The package consolidates four lines of recent methodological work:

Installation

# install.packages("remotes")
remotes::install_github("franciscorichter/amorem")

30-second tour

library(amorem)

# 1. Bundled datasets, ready to load
data(classroom_events)        # 691 events,    20 actors  (McFarland 2001)
data(social_evolution_calls)  # 439 events,    54 actors  (Madan et al. 2011)
data(radoslaw_email)          # 82,927 emails, 167 actors (Michalski et al. 2014)

# 2. Compute endogenous features post-hoc from any (sender, receiver, time) log
feat <- compute_endogenous_features(
  classroom_events, stats = c("reciprocity", "recency"))

# 3. Simulate a ready-to-fit case-1-control table with known structure ...
w <- simulate_relational_events(
  n_events = 1500, senders = LETTERS[1:8], receivers = LETTERS[1:8],
  n_controls = 1, endogenous_stats = "reciprocity_count",
  endogenous_effects = c(reciprocity_count = 0.4), wide = TRUE)

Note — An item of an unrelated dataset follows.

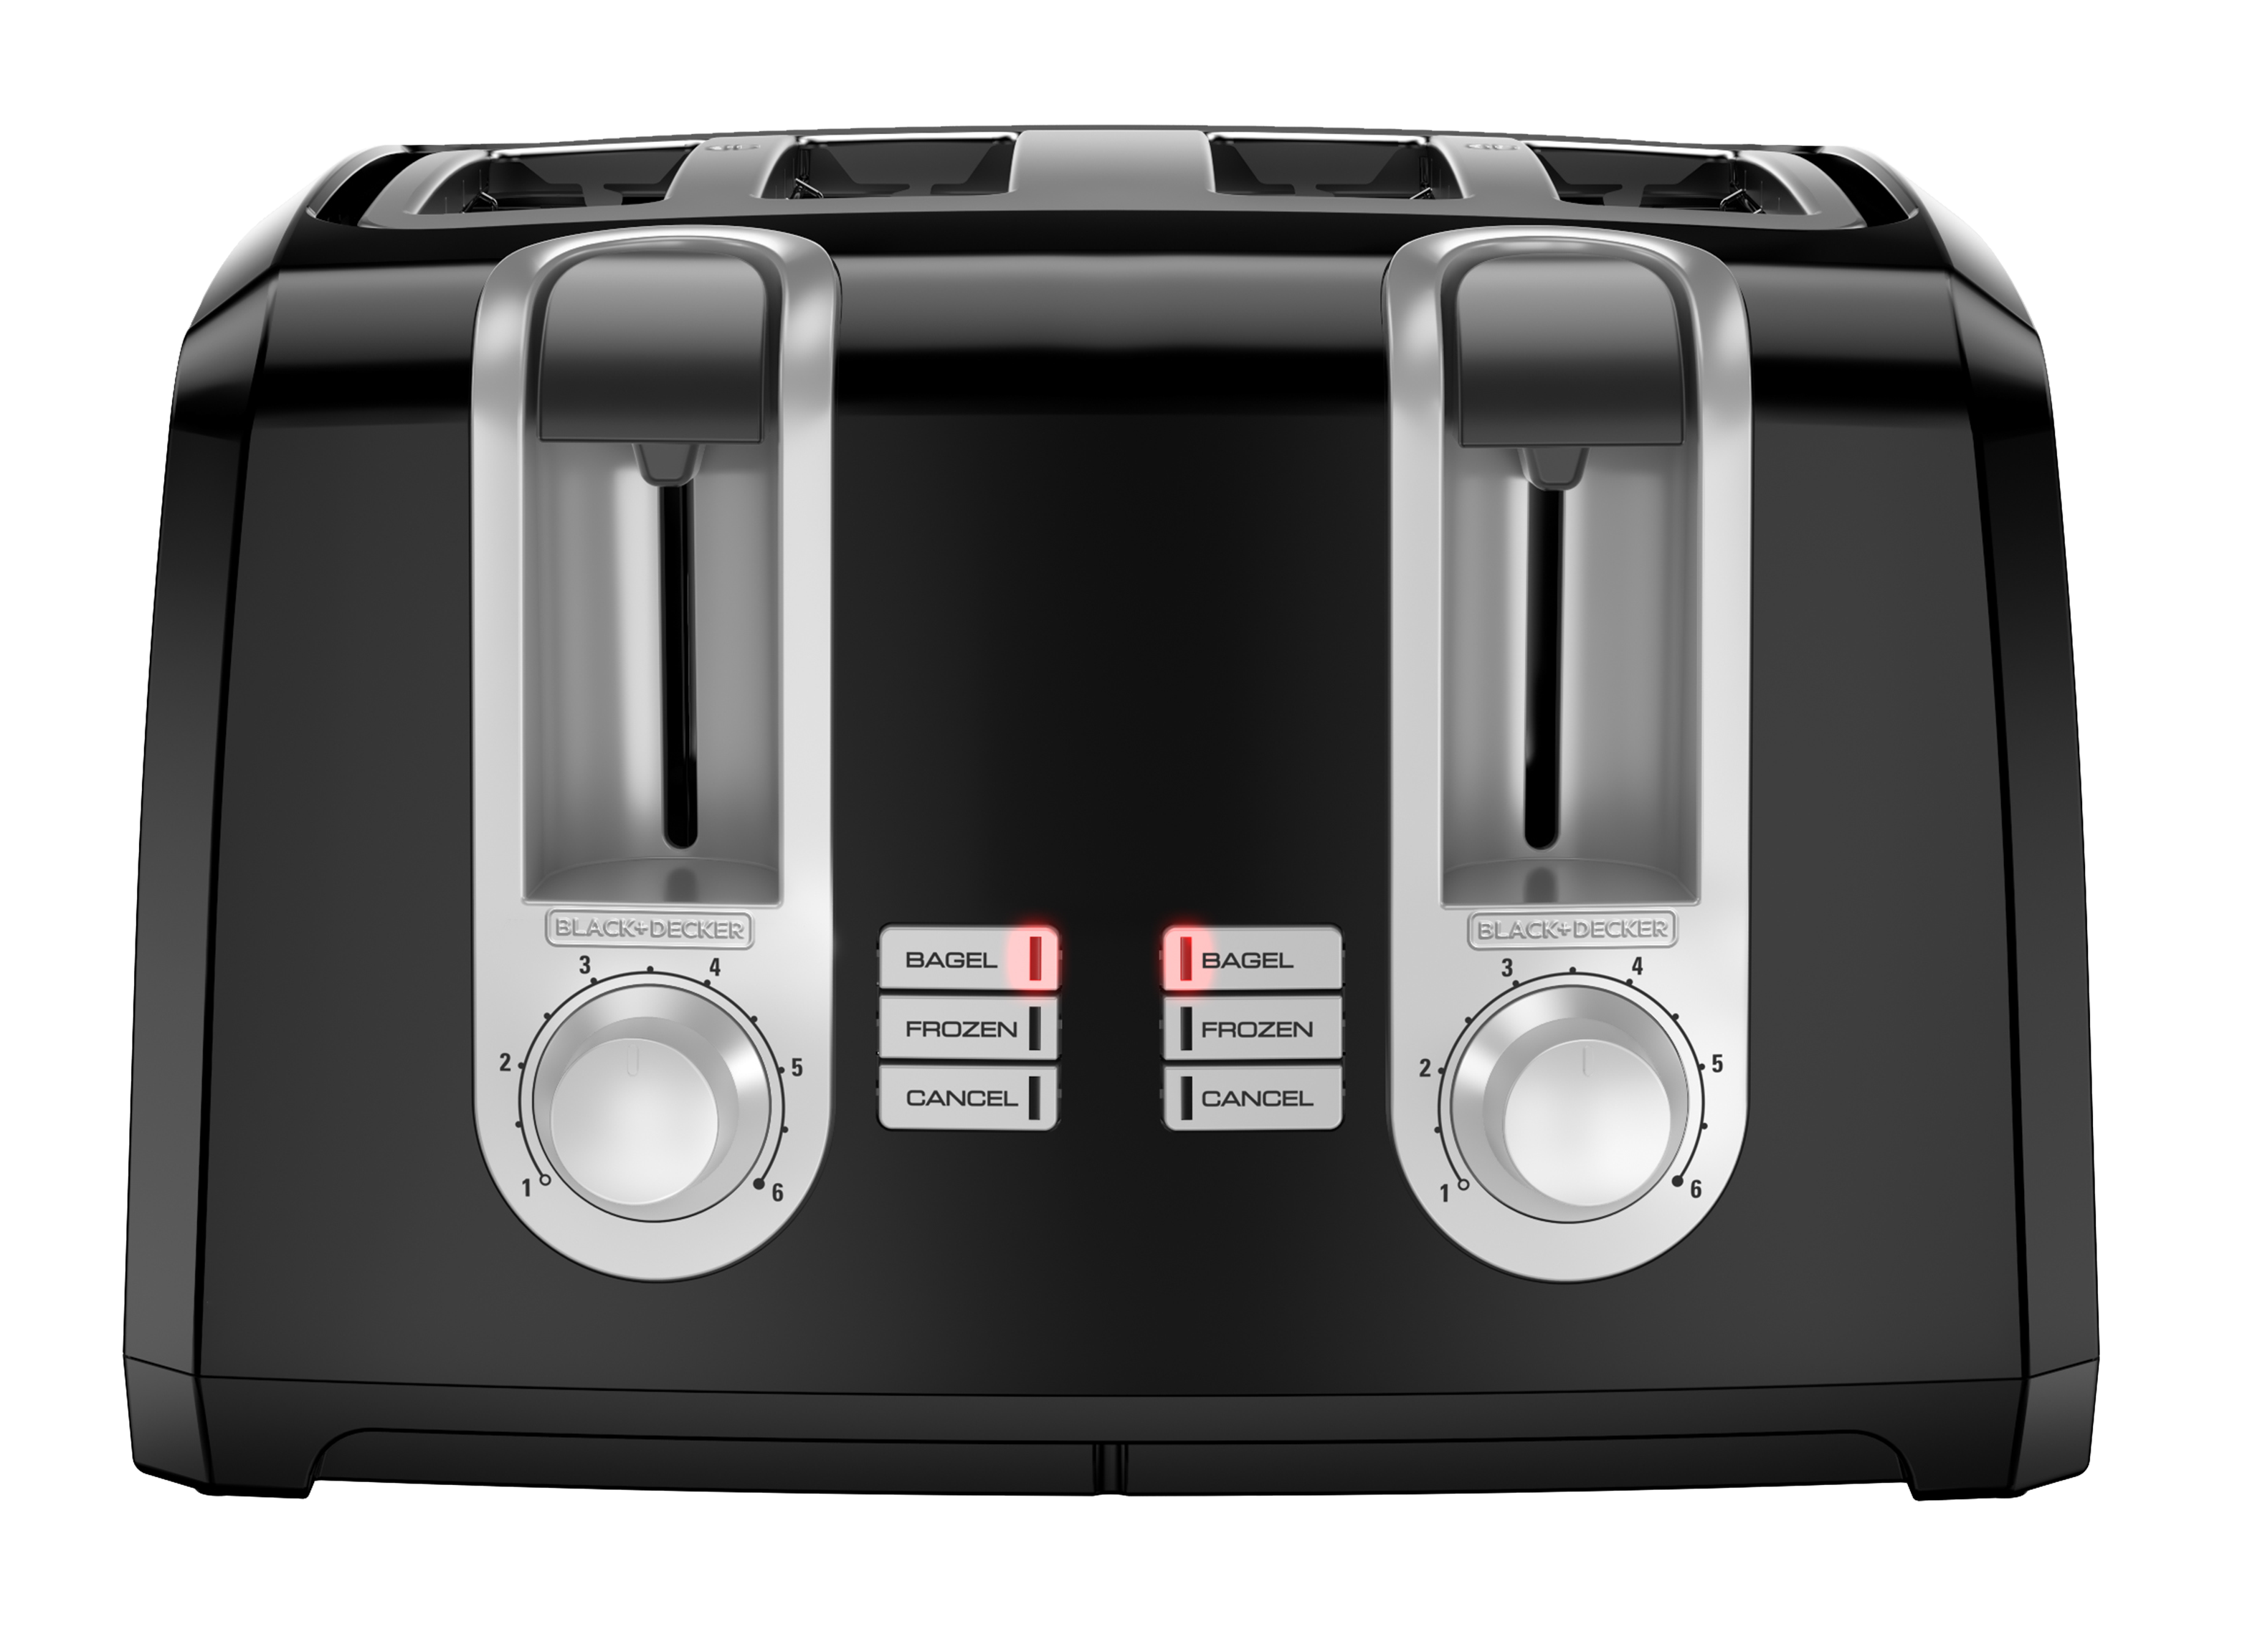 https://crdms.images.consumerreports.org/prod/products/cr/models/398527-toasters-black-decker-4-slice-extra-wide-slot-t4569b-10005049.png

# 4. ... and fit it with the default "gam" backend
fit <- rem(~ reciprocity_count, data = w, method = "gam")
summary(fit)

What’s inside

Guides

Guide What you’ll find
Quick start install + simulate-and-recover in a few lines
Simulation the dyadic mechanisms, Gillespie vs τ-leap
Endogenous catalogue the statistic catalogue and its variant axes
Estimation case-control sampling, the three rem() backends — clogit (linear), gam (smooth tv/nl/tvnl/re effects), nn (neural conditional logit) — model comparison, GOF
Hyperedge models the (I, J, time) data model and RHEM simulators
Datasets the bundled REM datasets
Real-data analysis sender-frailty flip, smooth effect curves
Validation experiments recovery, smooth, scaling, parity, and the neural backend (gradient check + interaction recovery)

Full per-function documentation is under Reference.

References

  • Juozaitienė R., Wit E.C. (2024). It’s about time: revisiting reciprocity and triadicity in relational event analysis. JRSS-A 188(4), 1246–1262. doi:10.1093/jrsssa/qnae132.
  • Boschi M., Lerner J., Wit E.C. (2025). Beyond Linearity and Time-Homogeneity: Relational Hyper Event Models with Time-Varying Non-Linear Effects. arXiv:2509.05289.
  • Lembo M., Juozaitienė R., Vinciotti V., Wit E.C. (2025). Relational Event Models with Global Covariates. JRSS-C.
  • Boschi M., Wit E.C. (2025). Goodness of fit in relational event models. Statistics and Computing 36(4).